> [AVAILABLE DATA]
====
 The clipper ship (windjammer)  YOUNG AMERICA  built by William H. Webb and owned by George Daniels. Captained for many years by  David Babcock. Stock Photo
====
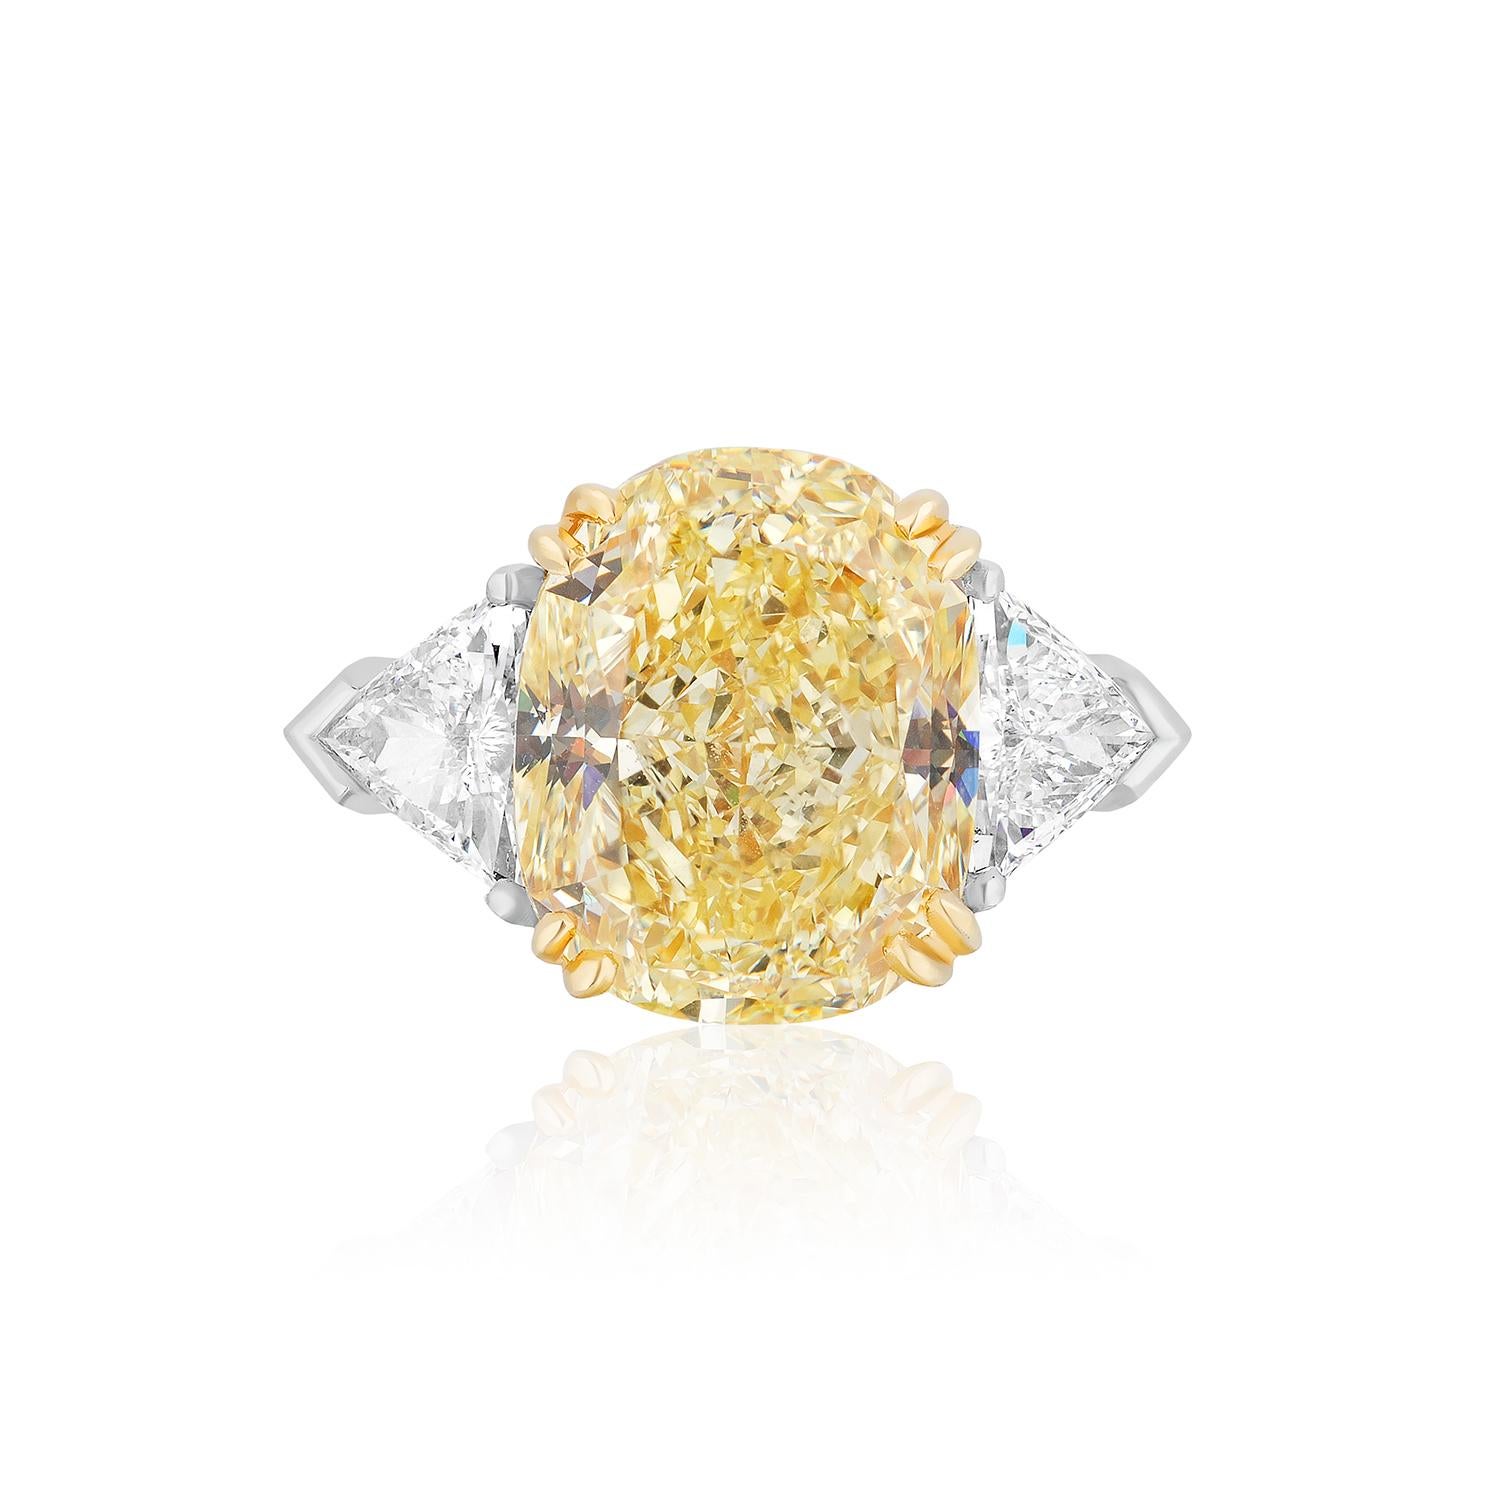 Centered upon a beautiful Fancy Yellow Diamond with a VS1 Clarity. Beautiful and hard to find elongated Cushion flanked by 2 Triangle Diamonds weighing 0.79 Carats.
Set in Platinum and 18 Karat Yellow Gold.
====
> [PROBLEM DETAILS]
Above are records; repeat only the lines from the line with "Centered upon a" through the line with "Set in Platinum and 18 Karat Yellow Gold.", and leave pictures out.

> [EXERCISE SOLUTION]
 Centered upon a beautiful Fancy Yellow Diamond with a VS1 Clarity. Beautiful and hard to find elongated Cushion flanked by 2 Triangle Diamonds weighing 0.79 Carats.
Set in Platinum and 18 Karat Yellow Gold.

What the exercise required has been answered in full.